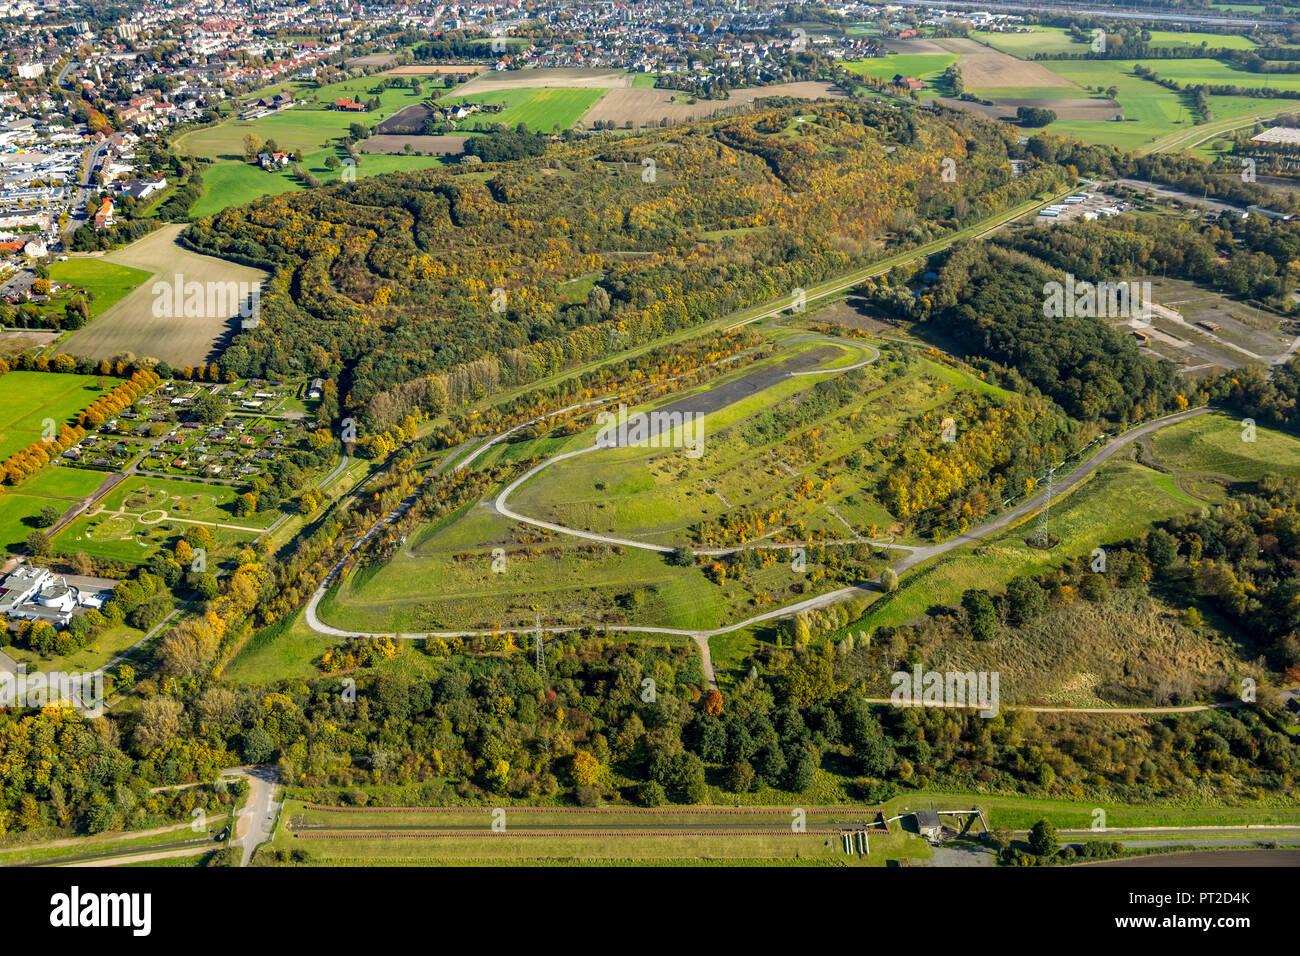 Herringen, tip Kissinger Höhe, verderben Tipp, Hamm, Ruhrgebiet, Nordrhein-Westfalen, Deutschland Stockbild
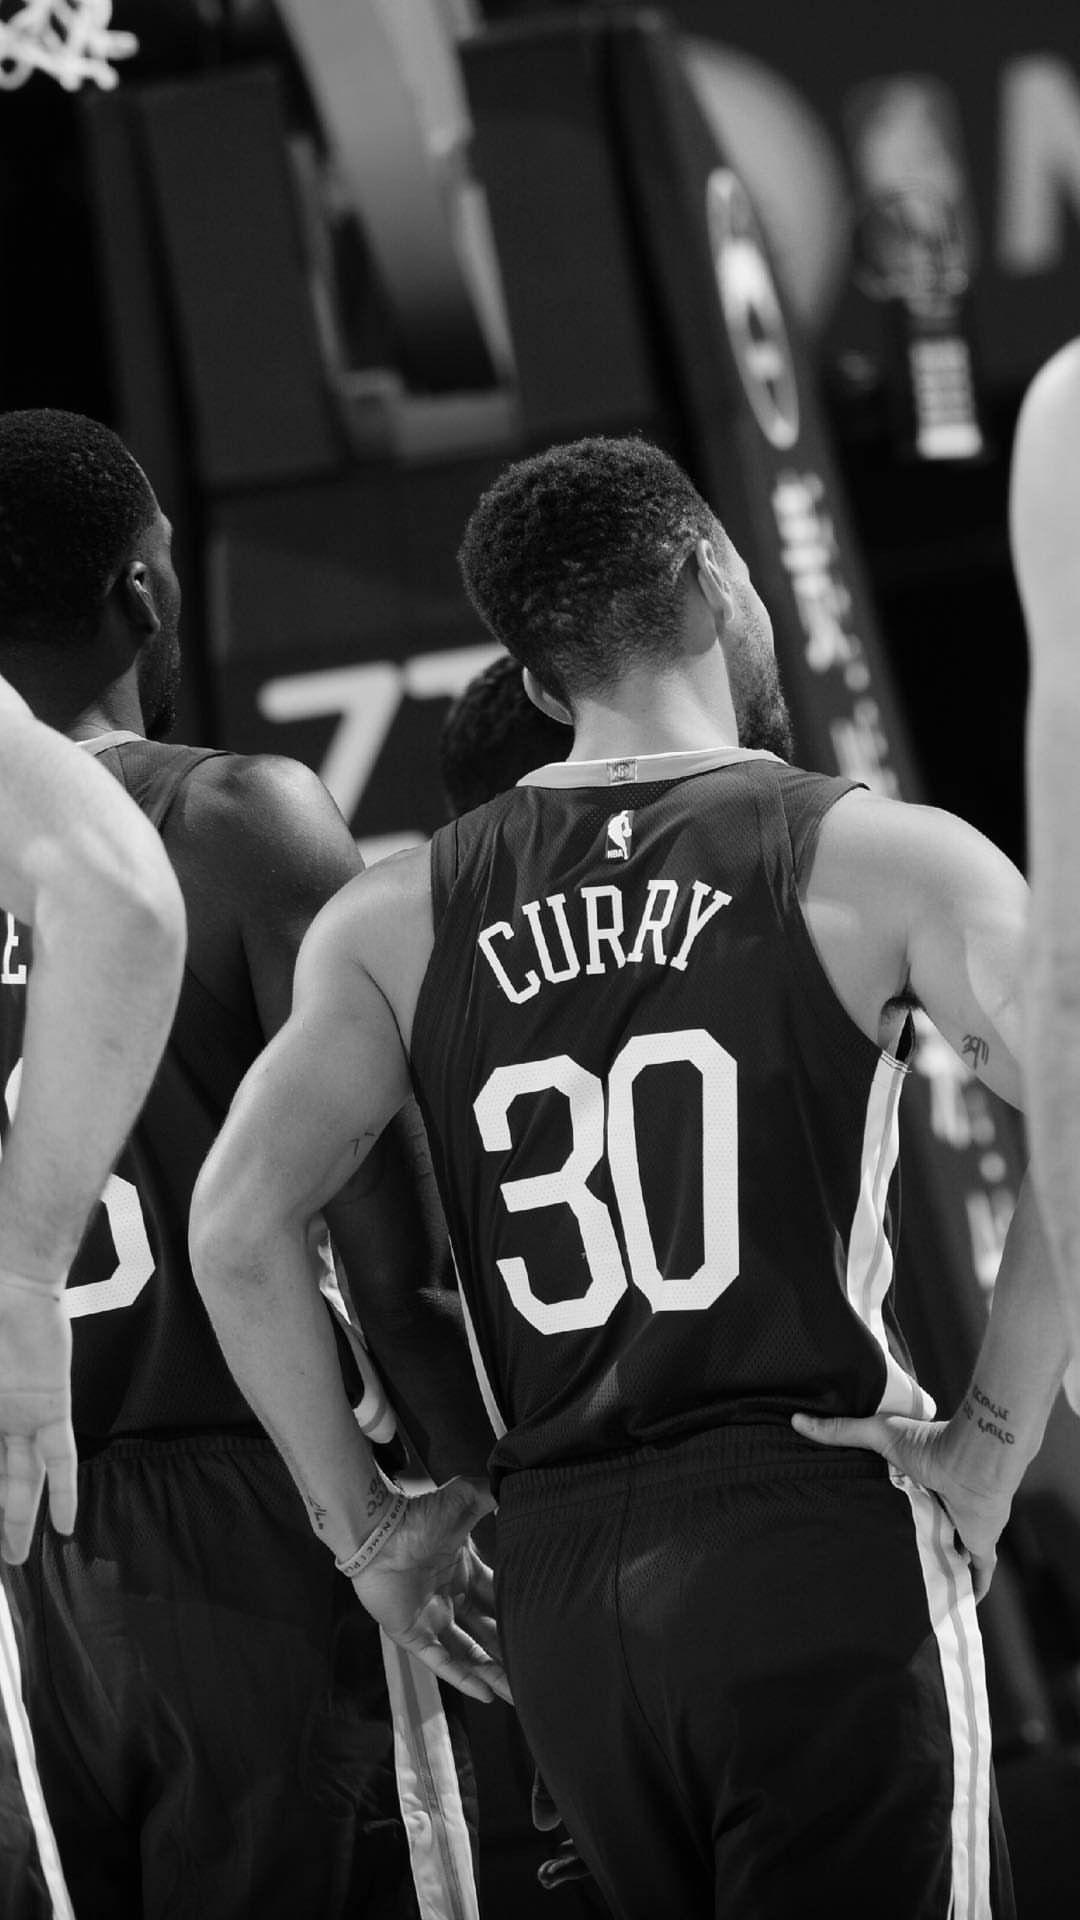 7a6f4190fbc Stephen Curry wallpaper #basketballdrills   Coug   Curry sthepen ...
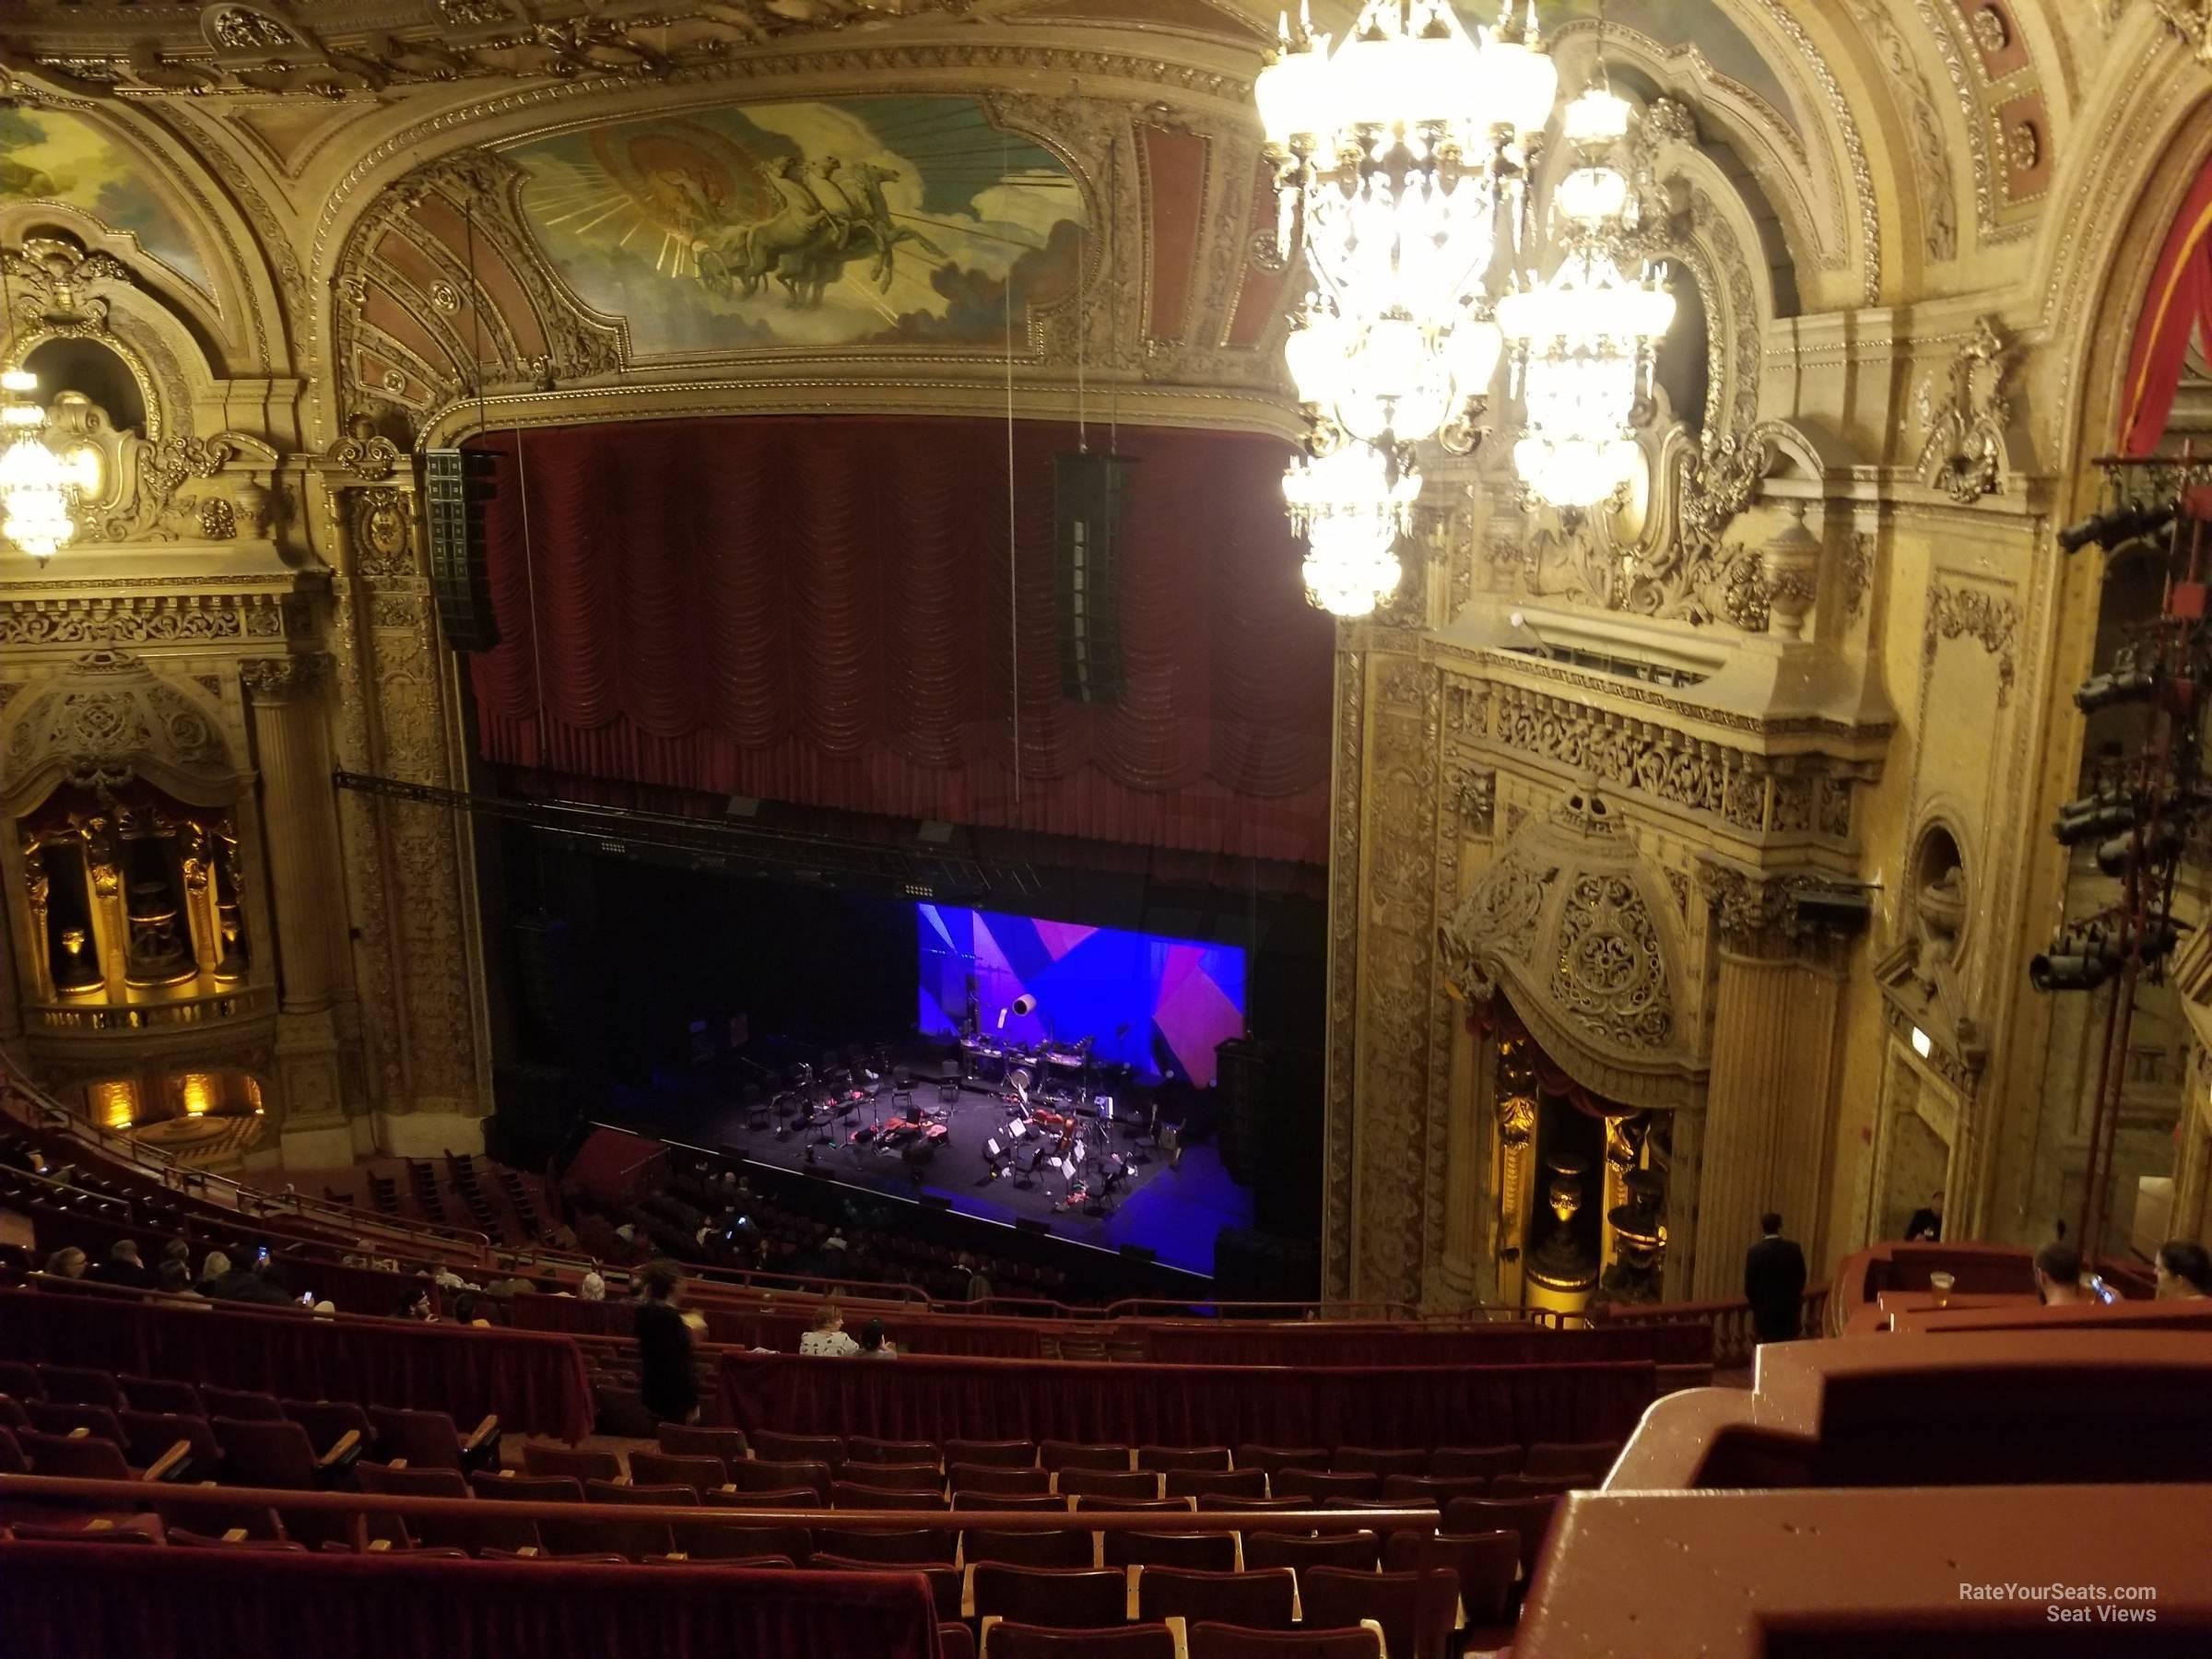 Balcony Box 17 at Chicago Theatre - RateYourSeats.com

+===+

REQUIRED WORK: Would you mind transcribing the material exactly, without the pictures?

RESPONSE TO THIS TASK:
 Herringen, tip Kissinger Höhe, verderben Tipp, Hamm, Ruhrgebiet, Nordrhein-Westfalen, Deutschland Stockbild
 7a6f4190fbc Stephen Curry wallpaper #basketballdrills   Coug   Curry sthepen ...
 Balcony Box 17 at Chicago Theatre - RateYourSeats.com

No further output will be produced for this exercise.